What is the molarity of a glucose solution with a freezing point of -10.3°C and a density of 1.50 g/mL?

To calculate the molarity of the glucose solution, we’ll follow these steps:

• First, we need to determine the depression in freezing point (Tf).
• Using the formula: Tf = Kf * m, where Kf for water is approximately 1.86 °C kg/mol.
• Since the given freezing point is -10.3°C, the freezing point depression from 0°C would be: Tf = 0 – (-10.3) = 10.3°C.
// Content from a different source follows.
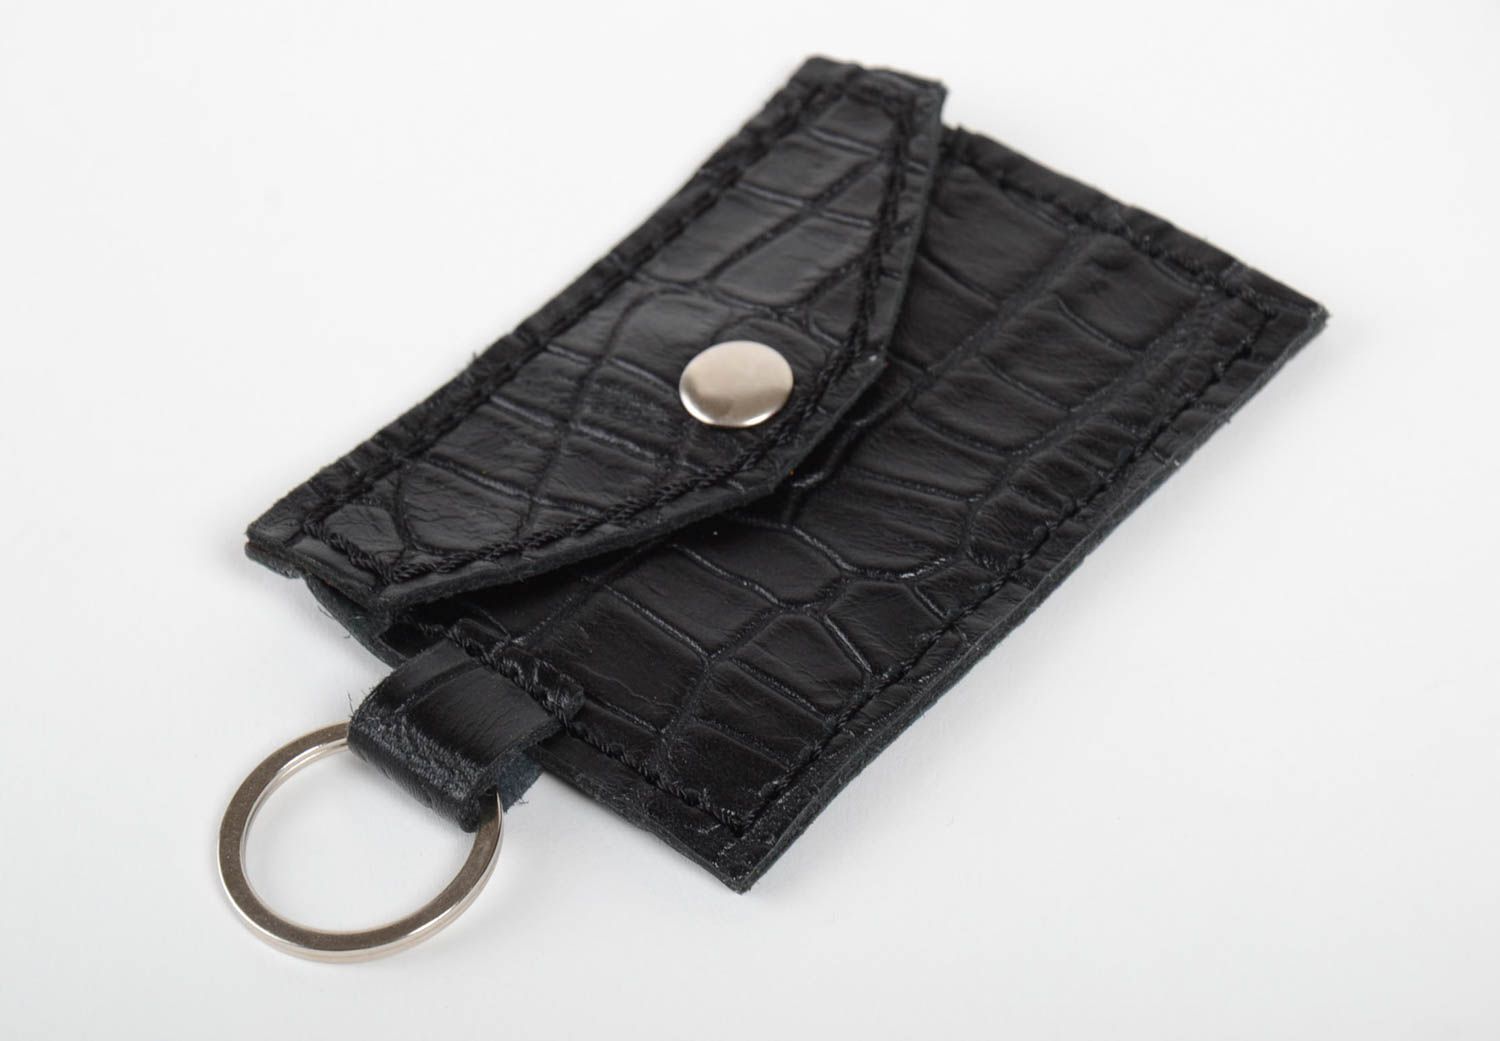 Handmade leather wallet keychain wallet leather goods mens accessories  photo 2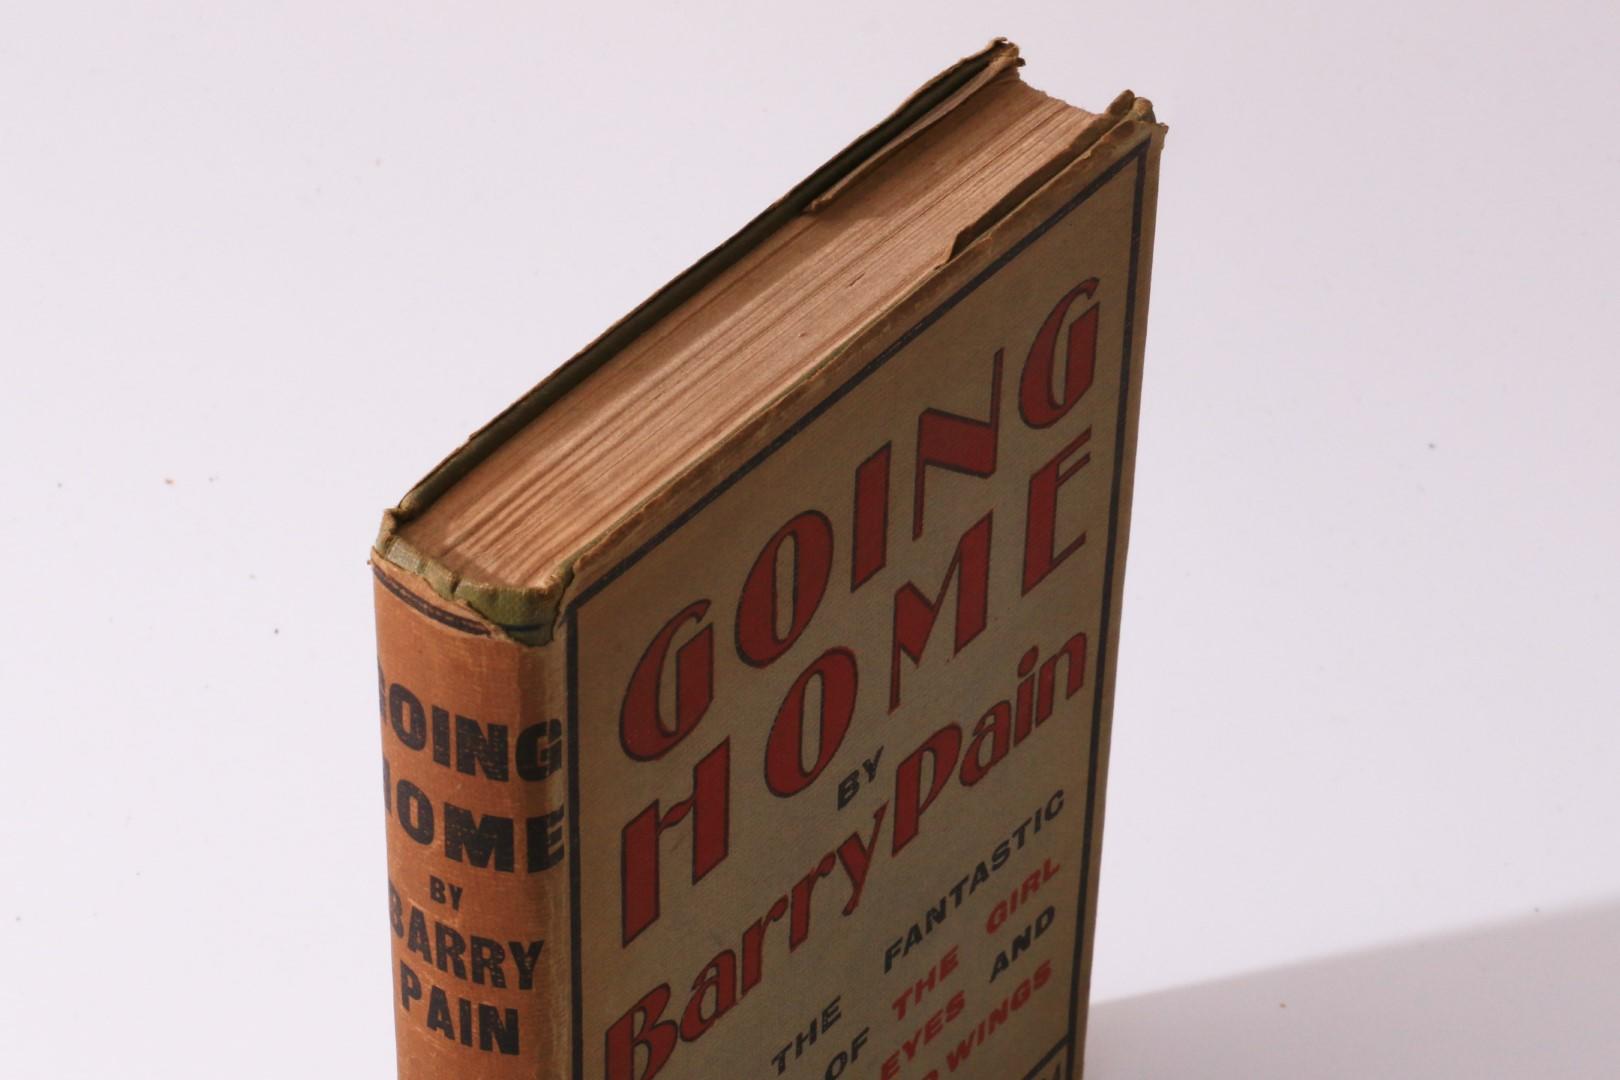 Barry Pain - Going Home: Being the Fantastical Romance of the Girl with Angel Eyes and the Man who had Wings - T. Werner Laurie, n.d. [1921], First Edition.

Now, we can rearrange the formula to find the molality (m):

m = Tf / Kf = 10.3°C / 1.86 °C kg/mol ≈ 5.53 mol/kg

Next, we need to calculate the molarity (M) of the solution. Since we know the density (1.50 g/mL), we can convert this to kg/L:

Density = 1.50 g/mL = 1500 g/L = 1.50 kg/L

Now, we can find the mass of solvent in 1 liter of solution:

Assuming we have 1 liter of solution, which weighs 1.50 kg. We can calculate the mass of glucose:

• The mass of the solvent (water) can be found by subtracting the mass of glucose that contributes to the molality.
• Let’s denote the mass of glucose (in grams) in the solution as x grams.
• The moles of glucose is x g / 180 g/mol.

From the definition of molality, we can find an equation:

m = (x / 180) / (1.50 – (x / 1000))

But since we have 5.53 mol/kg as the molality, we set that equal to our equation and solve for x:

5.53 = (x / 180) / (1.50 – (x / 1000))

Rearranging this gets complicated, but you can iterate to find that x (the mass of glucose) is approximately 175 grams. Therefore:

The molarity (M) = moles of solute / volume of solution (in liters) = (175 g / 180 g/mol) / 1 L = 0.9722 mol/L (approximately 0.97 M).

So, the molarity of the glucose solution is around 0.97 M.